Scikit-learn, also known as sklearn, is a free software machine learning library for the Python programming language. It features various classification, regression and clustering algorithms including support vector machines, random forests, gradient boosting, k-means and DBSCAN, and is designed to interoperate with the Python numerical and scientific libraries NumPy and SciPy.

image

import numpy as np
import pandas as pd
import matplotlib.pyplot as plt
import seaborn as sns
sns.set()
from sklearn.linear_model import LinearRegression

data = pd.read_csv('real_estate_price_size_year.csv')

x = data[['size','year']]
y = data['price']

reg = LinearRegression()
reg.fit(x,y)

Jupyter Notebook

The Jupyter Notebook is an open-source web application that allows you to create and share documents that contain live code, equations, visualizations and narrative text.

Jupyter Notebook can connect to many kernels to allow programming in many languages. Language kernels are programs designed to read and execute code in a specific programming language like Python, R, Julia, etc. A Jupyter kernel is a program responsible for handling various types of requests (code execution, code completions, inspection), and providing a reply. Your work will be stored on a notebook document that will have a file format depending on the language, by default Jupyter Notebook ships with the IPython kernel (other kernels can be installed additionally), so for Python notebook the file format is .ipynb.

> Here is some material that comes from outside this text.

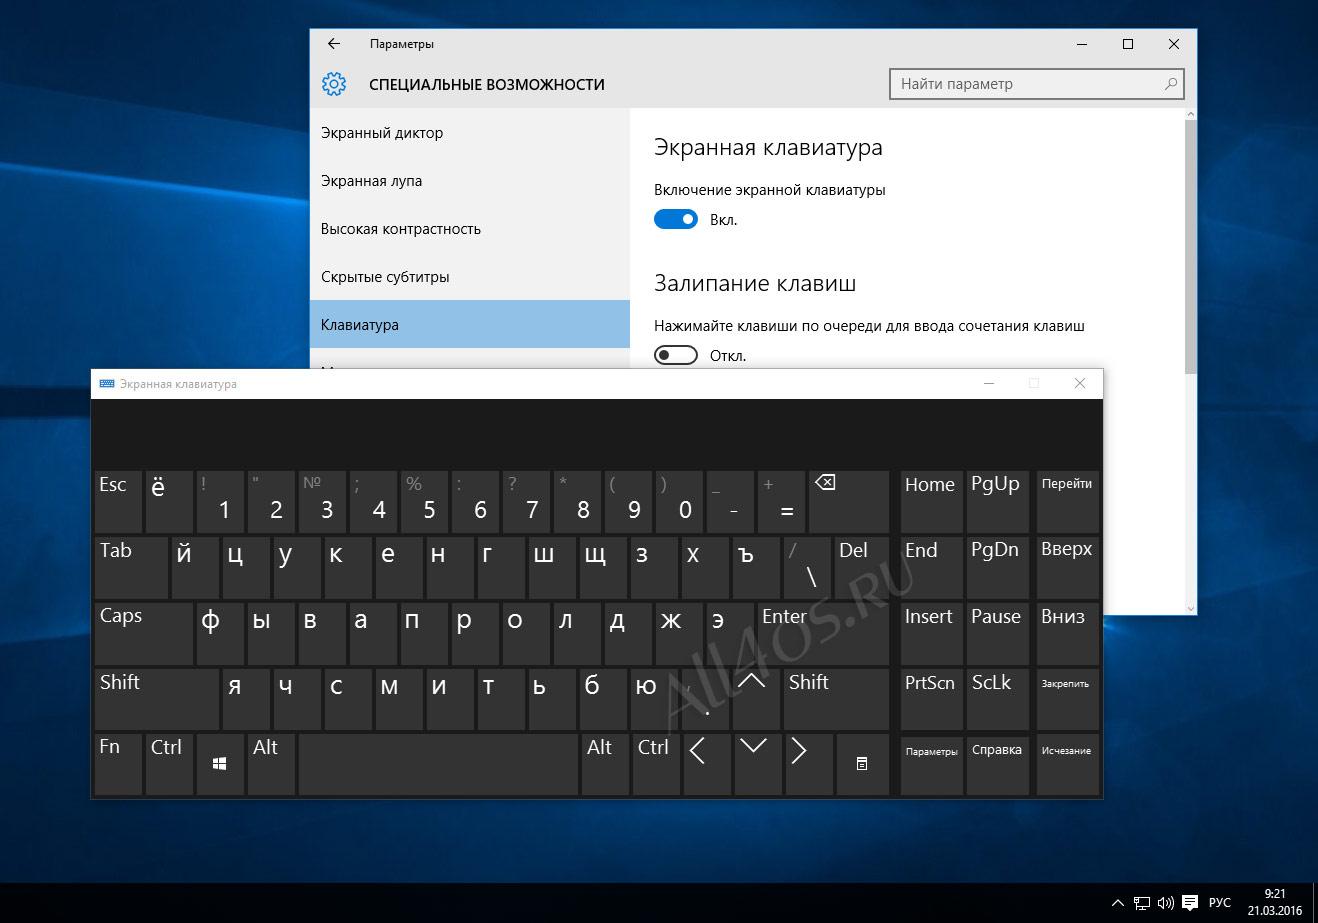 Как включить клавиатуру на планшете?

One of the reasons why Jupyter Notebook is widely used among large corporations is that facilitates the efficiency and cooperation in the team and between teams. Imagine working at solving a task that requires coding in different languages (e.g Python, PHP, and Julia), instead of installing different interfaces for each language kernel needed, Jupiter allows you to use the same structure of the notebook type of file and simply connect each notebook to the requested language kernel.

Moreover, Jupyter Notebook simplyfies the workflow process incredibly. It is not a text editor that opens a new window every time you execute a different part of your code. In the same file, messagges and code can be alternated, as well as pictures, graphs, etc.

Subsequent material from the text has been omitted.